Headline: Testosterone Doubles the Incidence of Heart Attack (2014)  Reality: Testosterone Group had 0.7% more Heart Attacks

A paper by Finkle et. al. (Increased Risk of Non-Fatal Myocardial Infarction [Heart Attack] Following Testosterone Therapy Prescription in Men) published in the free-access journal PLOS One examined insurance records of 225,000 men aged 50 to 75 and concluded that the risk of non-fatal myocardial infarction increased during the first 90 days of testosterone therapy, and even more so when the patient had a prior history of cardiovascular disease.  The report of “doubled risk” made every news television show and newspaper, but the actual increase was 7 cases per thousand patients.

 

The anti-pharmaceutical campaign trumpeted the findings, and the anti-aging crowd attacked the study for its limitations (which are discussed in the paper). The Food and Drug Administration reviewed the results and concluded that patients should not stop testosterone without consulting their physician.

 

For comparison, in 2012 another retrospective study was published about aspirin “doubling” the risk of gastrointestinal bleeding. The absolute increase in bleeding from one group to another was 0.19%. The FDA made a similar “not stop” statement about the aspirin study as they did in the testosterone study. I am unaware of any cardiologist who recommended a discontinuation of the drug.

 

Relative risk, the statistic used in the Finkle study, can be 100% greater if for example; a group of one million patients had two cases of something and the comparison group of one million had only one case. It is a valid statistical method for detecting possible relationships, but it can be misleading. When Medicare first published surgical outcome data, Massachusetts General Hospital had relatively poor outcomes; when the data was corrected to account for the complexity of the surgical cases, Massachusetts General had excellent outcomes. The same data can give different conclusions. A quote comes to mind (whose origin is contested between Mark Twain or Benjamin Disraeli), “There are three kinds of lies: lies, damned lies, and statistics.”

 

The Finkle study does indeed demonstrate an increased risk of heart attack during the first 90 days after filling a testosterone prescription. However, some details are missing. It does not show if patients took the prescription, or had blood levels checked before and/or after the prescription. Since the symptoms of low testosterone can resemble depression and/or hypothyroidism, the possibility holds that inadequate evaluations can lead to inappropriate outcomes.

 

Testosterone is enormously beneficial when prescribed in the right dose and for the right reasons:

 

Testosterone administration increases coronary artery diameter and flow, improves symptoms in men with chronic stable angina, and reduces peripheral vascular resistance in chronic heart failure. Animal studies have consistently demonstrated that testosterone is atheroprotective, whereas testosterone deficiency promotes the early stages of atherogenesis.”  (Kelly and Jones – Journal of Endocrinology – 2013)

 

All medications have risks. The short term risk of testosterone increasing the odds of blood clotting has been known for 50 years, so why the recent alarm? Perhaps because the number of testosterone prescriptions has skyrocketed to over one million per year since the “Low-T” campaign began. This creates the possibility that some doctors who don’t appreciate the risks are being pressured to prescribe testosterone. Finkle only found the increased risk in the first 90 days (short term) and no increased risk thereafter.  Kelly and Jones are describing the long-term benefits of testosterone. The correct conclusion is that there might be more short-term risks involved, but that there is a continuously growing understanding of the long-term benefits.

 

The study’s greatest flaw is the choice of the groups that were used for comparison. Finkle had access to almost unlimited data (he actually owns the company that supplied the data), but he chose his groups based on one group receiving prescriptions for testosterone with the other group receiving Viagra type drugs.
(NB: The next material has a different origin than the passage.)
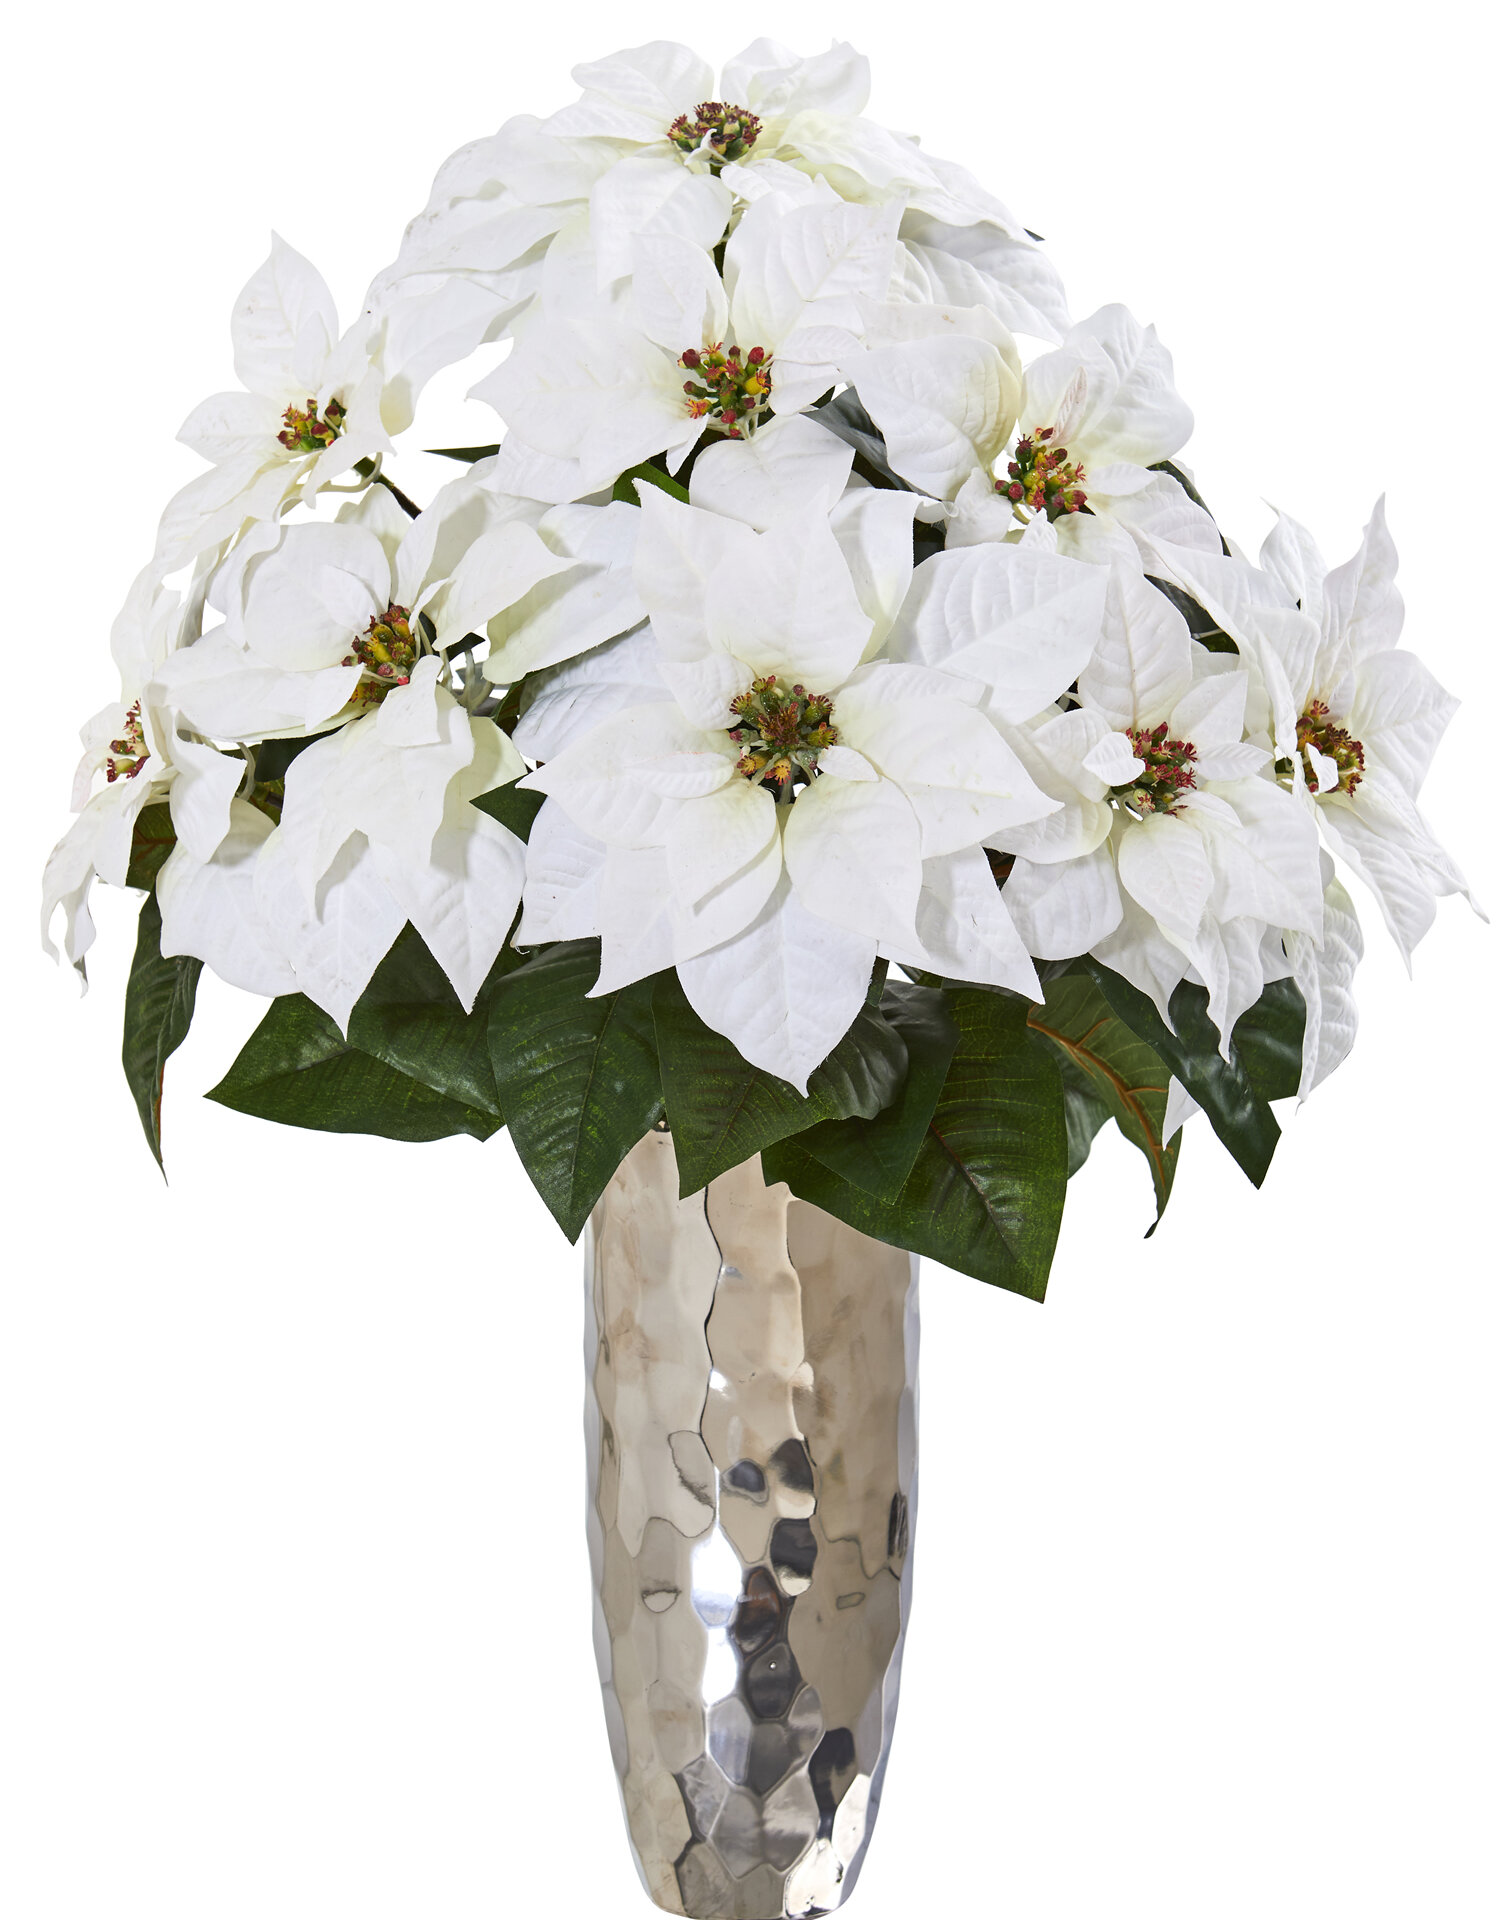 Featured image of post Artificial Flower Arrangements In Floor Vases : Colorful floral arrangement on a wooden floor.

Why didn’t he choose two groups of men with existing heart disease of equal severity, one who received testosterone prescriptions and one who didn’t?

 

If this was the case, he could have identified the characteristics of the men having the heart attacks in order to help physicians screen them out before treatment, or pursue alternatives. It would have been extremely helpful, for example, to know which men were treated according to the Endocrine Society Guidelines, and if following the Guidelines reduced the risk. As circumspect clinicians, Dr. Nadelberg and I have reviewed our protocols (based on the Guidelines) and they still reflect adequate caution.

 

The other unanswered question is whether the heart attacks in the first 90 days were due to testosterone or was it the natural course of their underlying heart disease? Two groups of equal cardiac severity would have answered this question too.

 

This study leaves us with an increased concern about why these patients were treated the way they were, and until there is a study produced using sounder methodology, we won’t get much else. This is another lost opportunity.